Supongo que ya está bien por hoy. Aún no eres ni un muchachito y no es de recibo llenarte tan pronto la cabeza y el corazón de preocupaciones. Pero tu papá Ernesto confía en ti para que tu papá Víctor le siga queriendo mucho, mucho, mucho, para que siga dejando que tu papá Ernesto le quiera mucho, mucho, mucho, y para que ponga todo de su parte con el fin de que estéis los tres juntos el mayor tiempo posible y ni tu papá Víctor ni tú, por difícil que parezca, os salgáis de su vida. Para tu papá Ernesto sería una catástrofe.

Sé bueno, no comas algas —que te puedes asfixiar, alma de cántaro— y no me olvides.

Muchos, muchos, muchos besos. Y dale otros tantos, de mi parte, a tu papá Víctor.

Te quiere muchísimo,

Tu papá Ernesto

La Algaida, 16 de junio de 2012

Queridísimo Romeo:

Nos has salido con el estómago delicado. Me lo ha dicho tu papá Víctor, y ha intentado que no me dé cuenta de lo mucho que eso le preocupa. Tienes diarrea con mucha frecuencia, y cada vez que te aqueja ese desarreglo digestivo hay que volver a desparasitarte. A mí me gusta mucho cómo lo dice tu papá Víctor: «Nos ha salido con el estómago delicado». Así, con ese «nos» que me recuerda que somos una familia, y que lo seguiremos siendo, ocurra lo que ocurra. Me lo ha dicho hace un rato, con mucha naturalidad, mientras te dábamos un paseo cortito por el final del Paseo Marítimo, y yo entonces he sentido que nos perteneces de verdad a los dos, tú has sido un grandísimo regalo de amor que le hice a tu papá Víctor.

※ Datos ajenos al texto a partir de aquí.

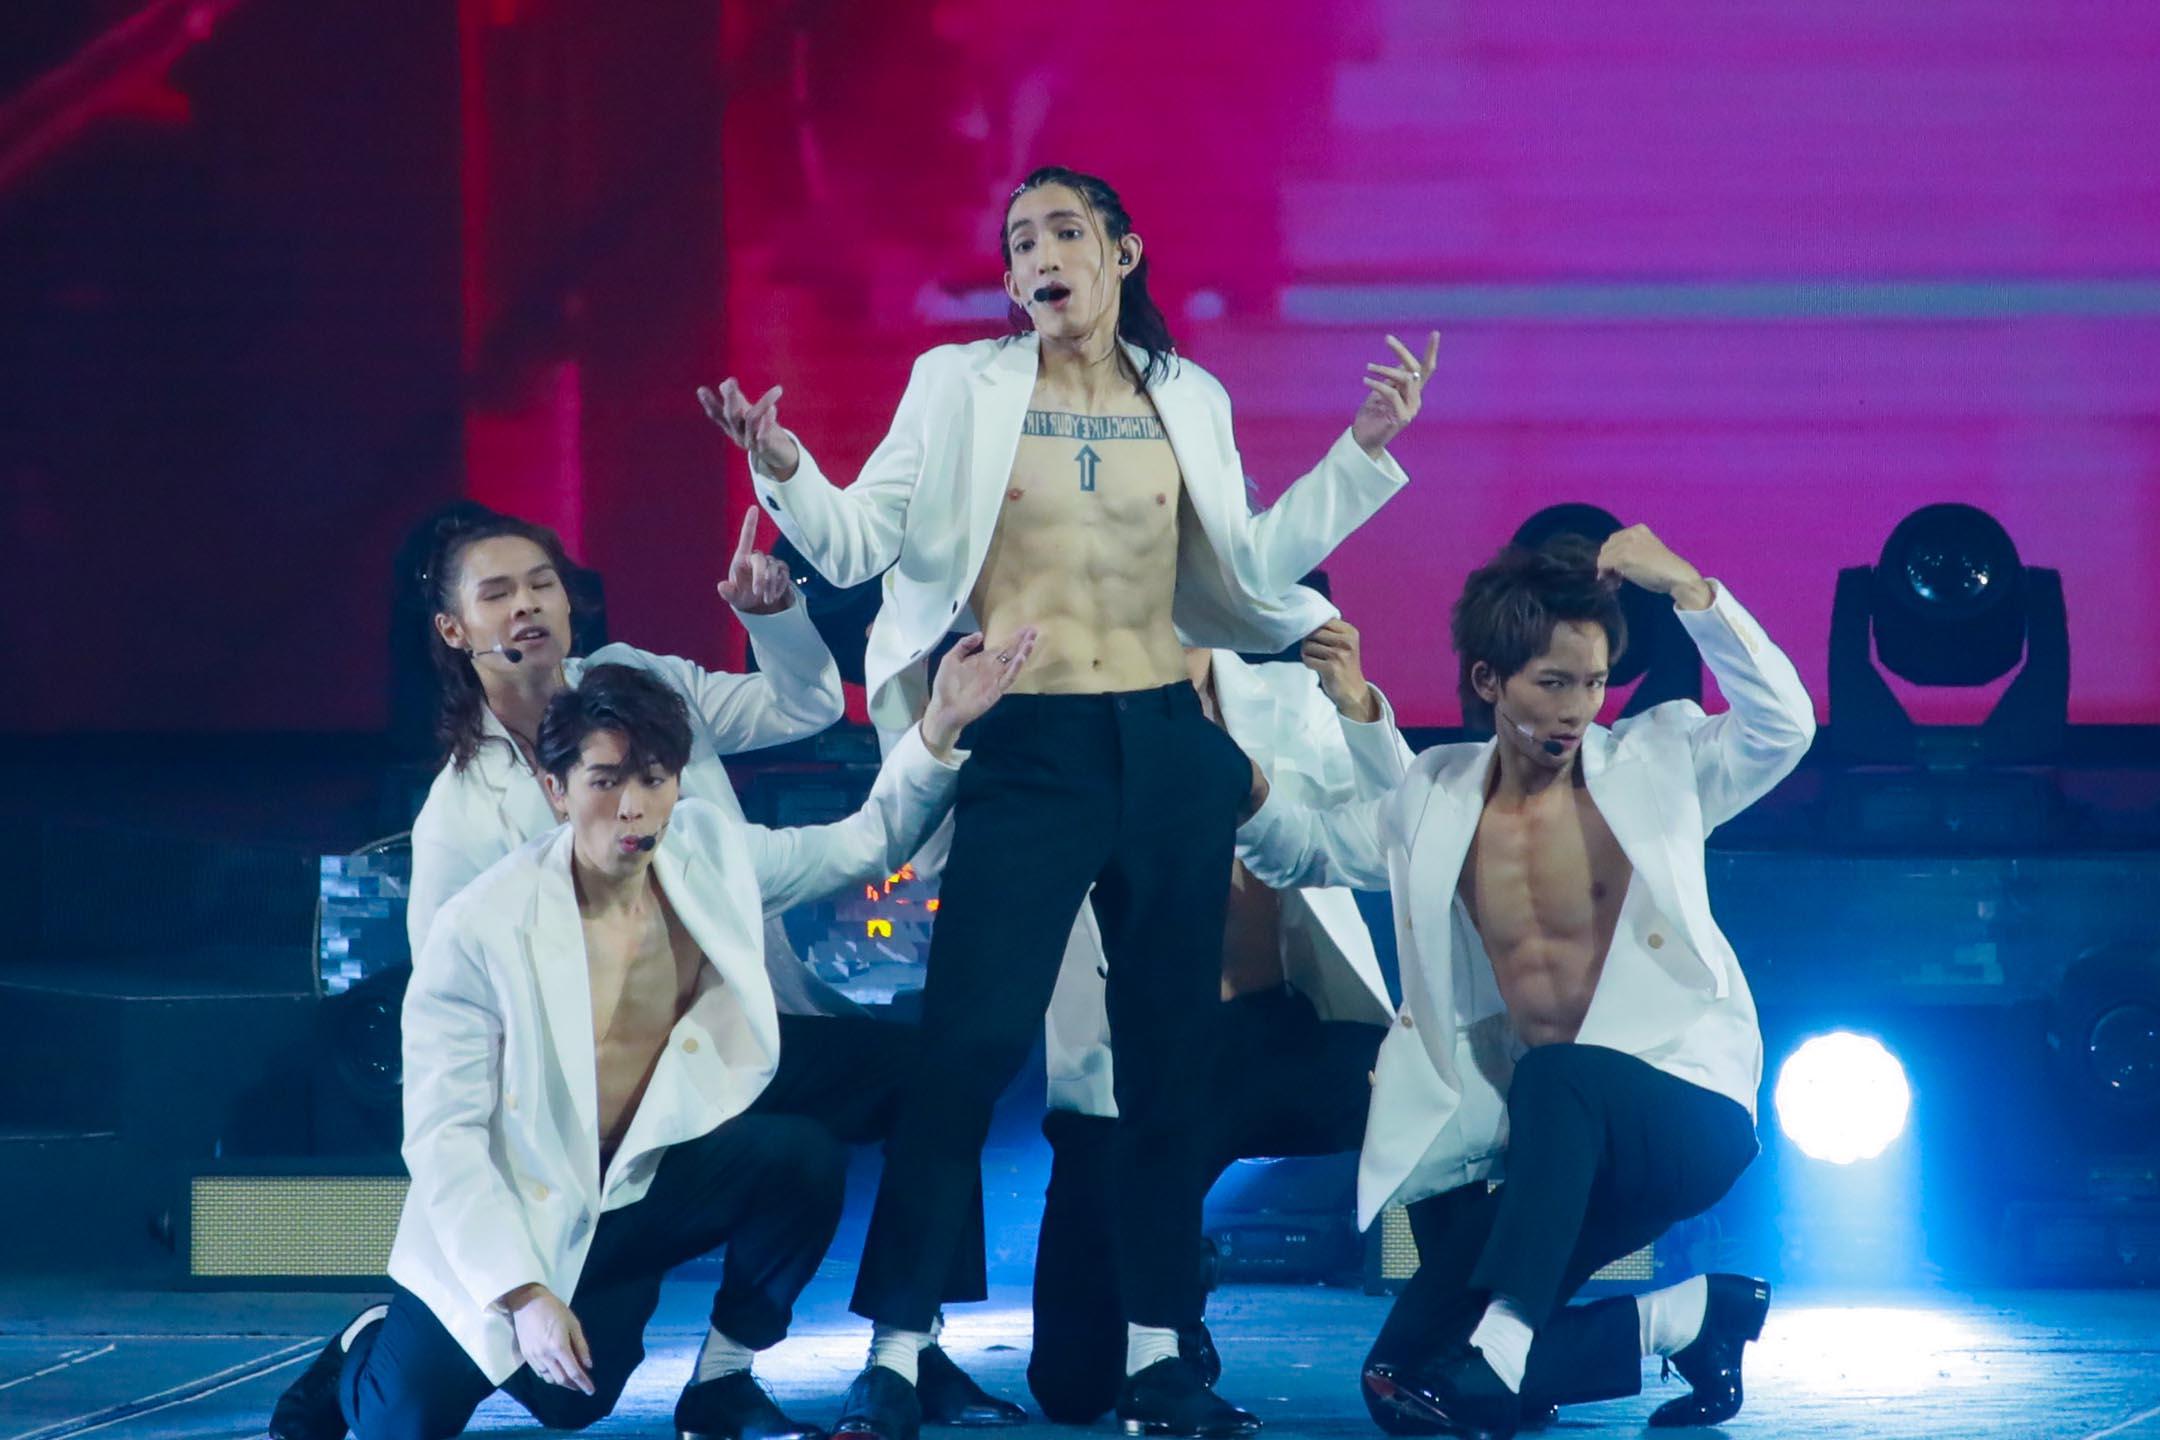 2021年5月11日香港,Mirror的成員在演唱會舞台上。 圖:VCG via Getty Images

Mira, Romeo, creo que voy a dejarme de esta chorrada de «tu papá Víctor» y «tu papá Ernesto», porque, además de ser una cursilada del tamaño de la bipolaridad de la Bipolar, resulta pesadísimo. Enseguida te cuento quién es la Bipolar y cómo se las gasta el hombre —porque es un hombre, a pesar del mote; un poco mamarracha, pero un hombre—, aunque la verdad es que hacía tiempo que no soltaba veneno contra Víctor y contra mí, pero ha vuelto a las andadas. El caso es que, a partir de ahora, tu papá Víctor será Víctor a secas, y tu papá Ernesto, que soy yo, sólo seré yo. Qué alivio. Esto es como quitarse unos zapatos que aprietan. O como quitarte un bozal que no te deja ladrar y morder a gusto, ya sabrás lo que es eso.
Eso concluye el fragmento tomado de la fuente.